Songnian Zhou, CEO at Platform, said without its grid computing capabilities, CERN would be unable to distribute its workload across its thousands of servers – thus, slowing down the project.
“Tens of thousands of scientists around the world are feeding off this data and doing all kinds of research themselves,” he said. “All of the data needs to be disseminated, but so does all the computing capabilities.
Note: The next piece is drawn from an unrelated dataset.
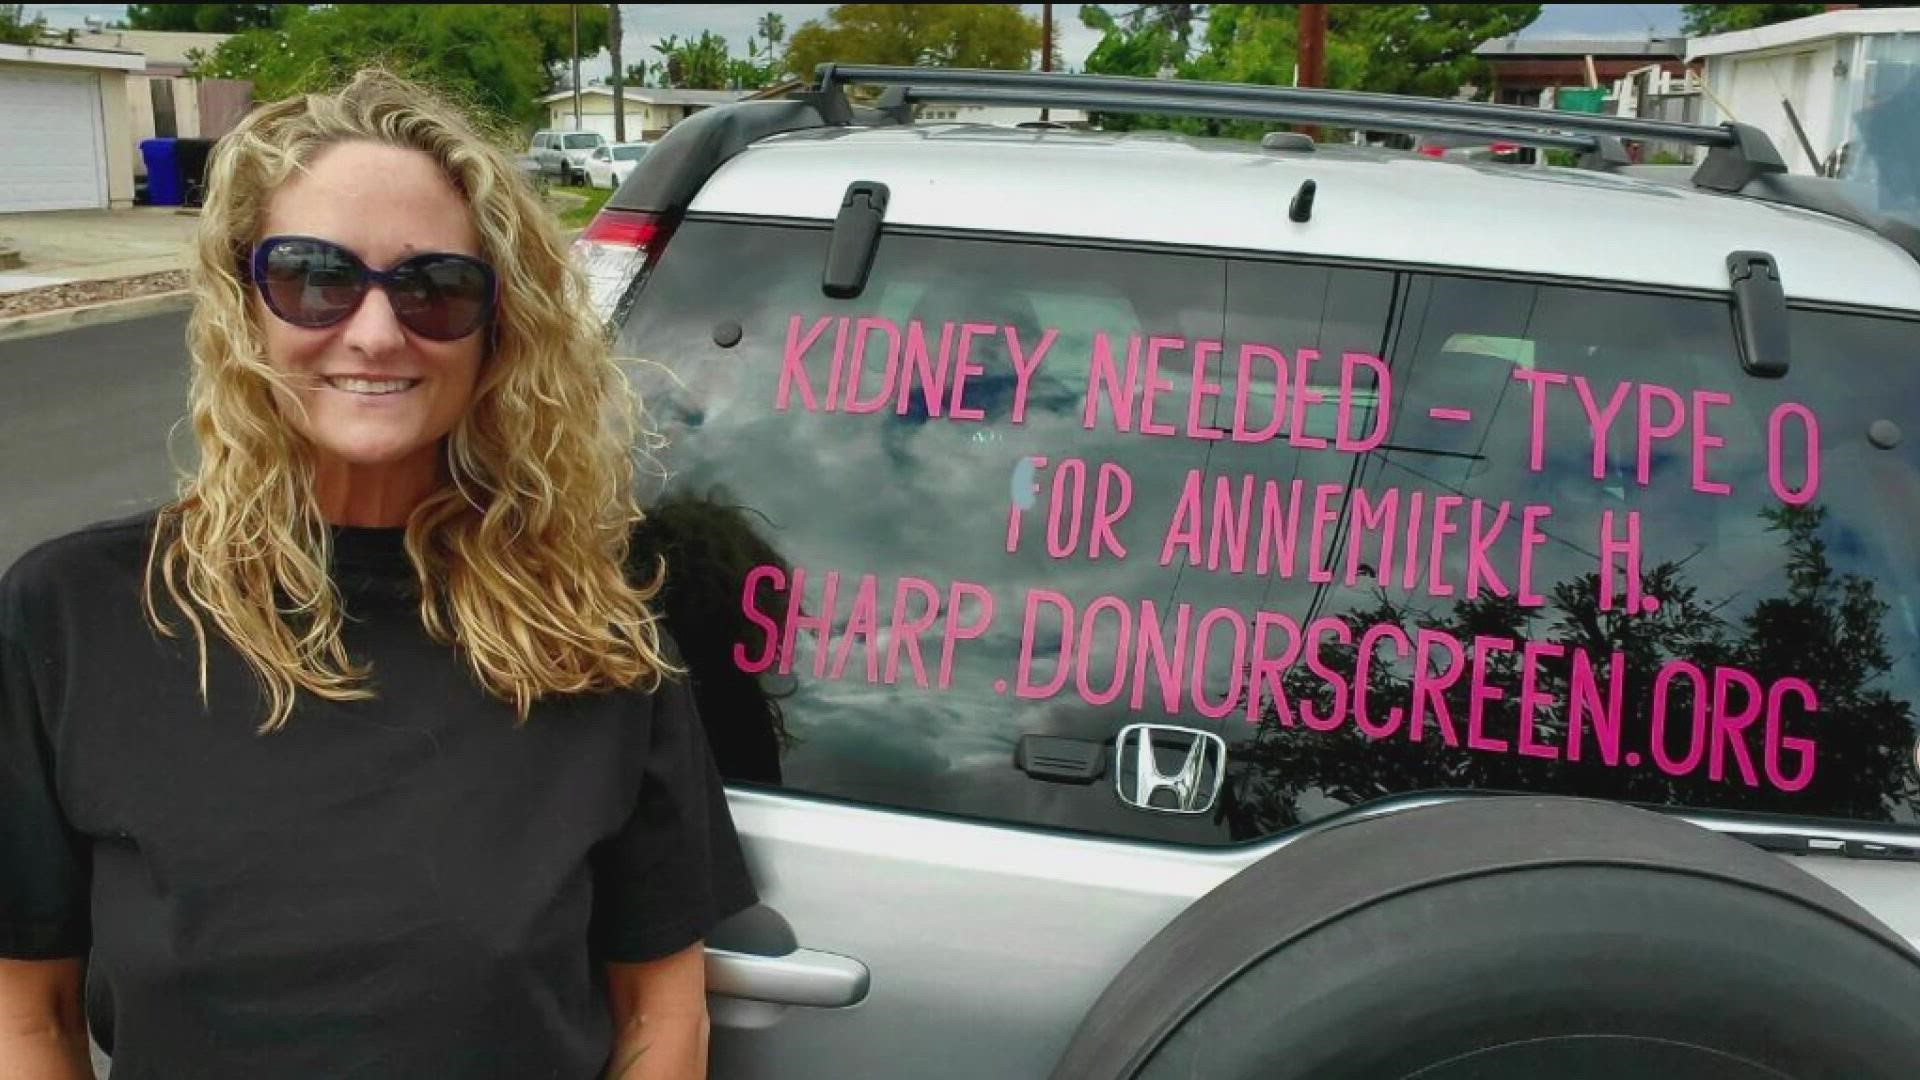 No longer strangers; kidney donor and recipient share incredible story at Sharp Memorial Hospital.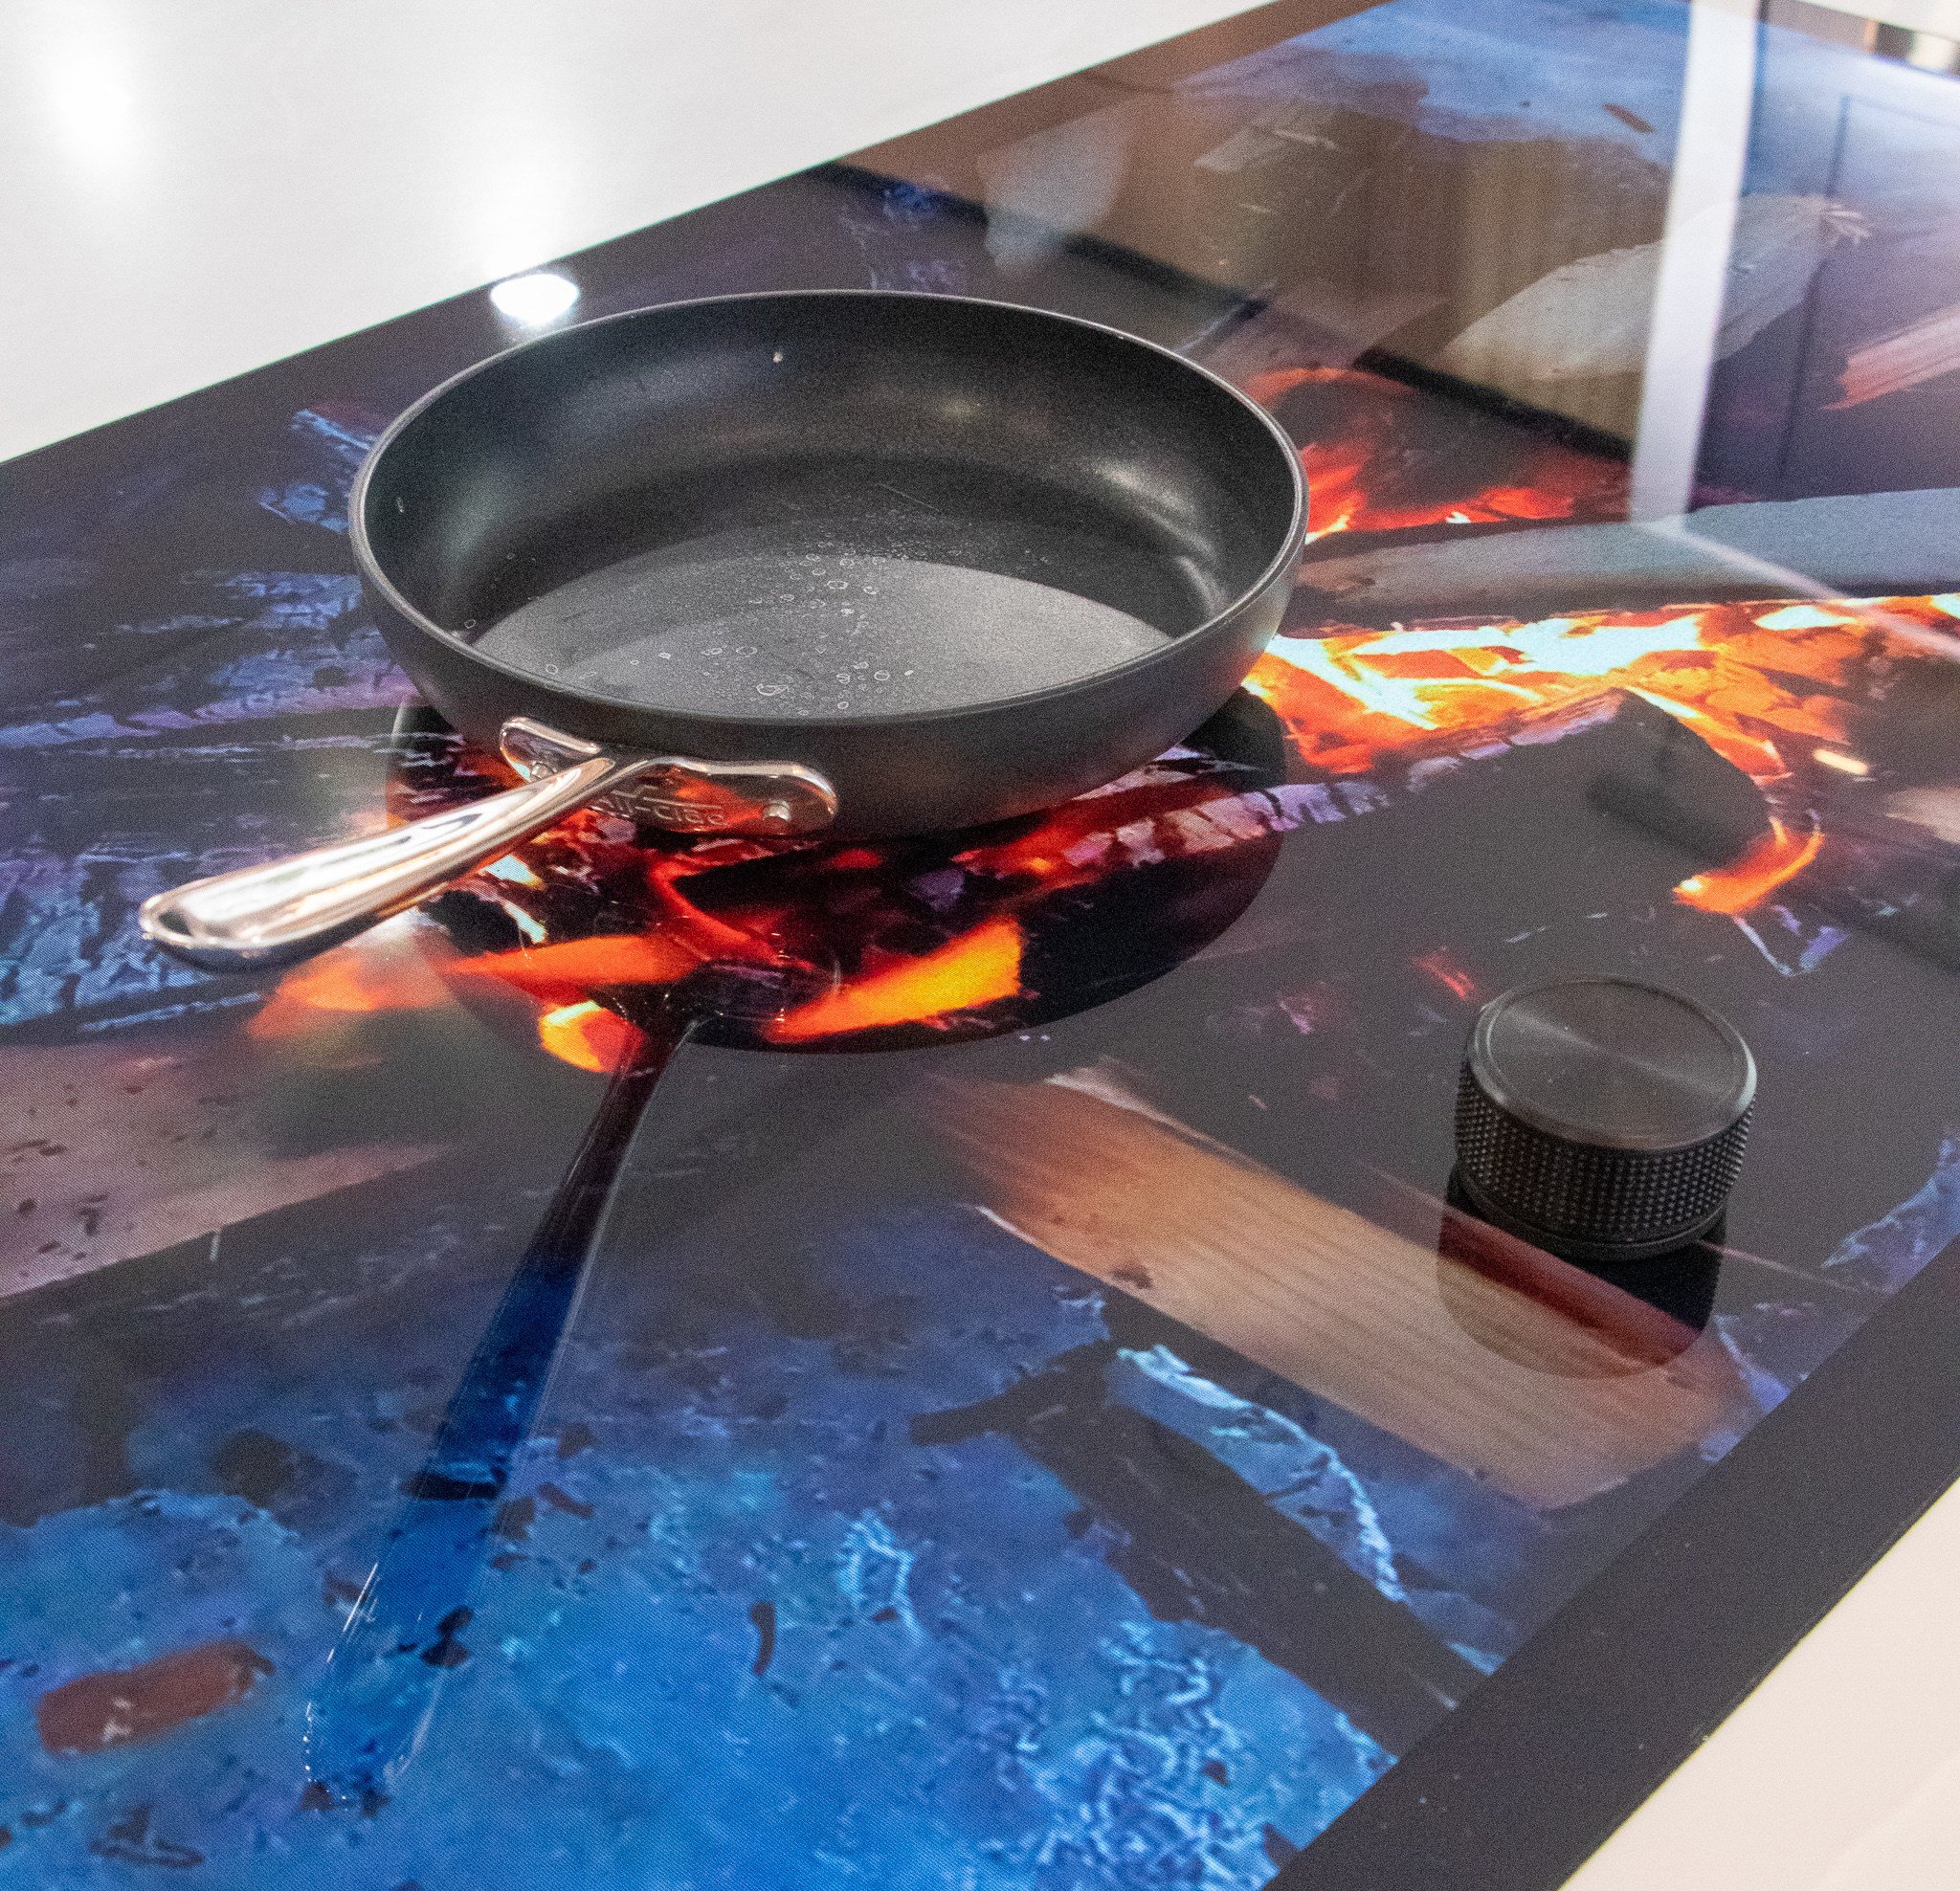 Induction cooktop with OLED display. Source: GHSP

Therefore, the cloud services, not just the data services, need to be accessible.”
With application requests coming into the cloud, Zhou said, both CERN’s compute and data processing clusters are relying on Platform software to keep everything running smoothly. “The whole LHC experiment can be seen as a cloud for the high energy and physics community worldwide,” he added. “We’re helping to integrate all of the applications the scientists are using to the compute and storage resources they need.”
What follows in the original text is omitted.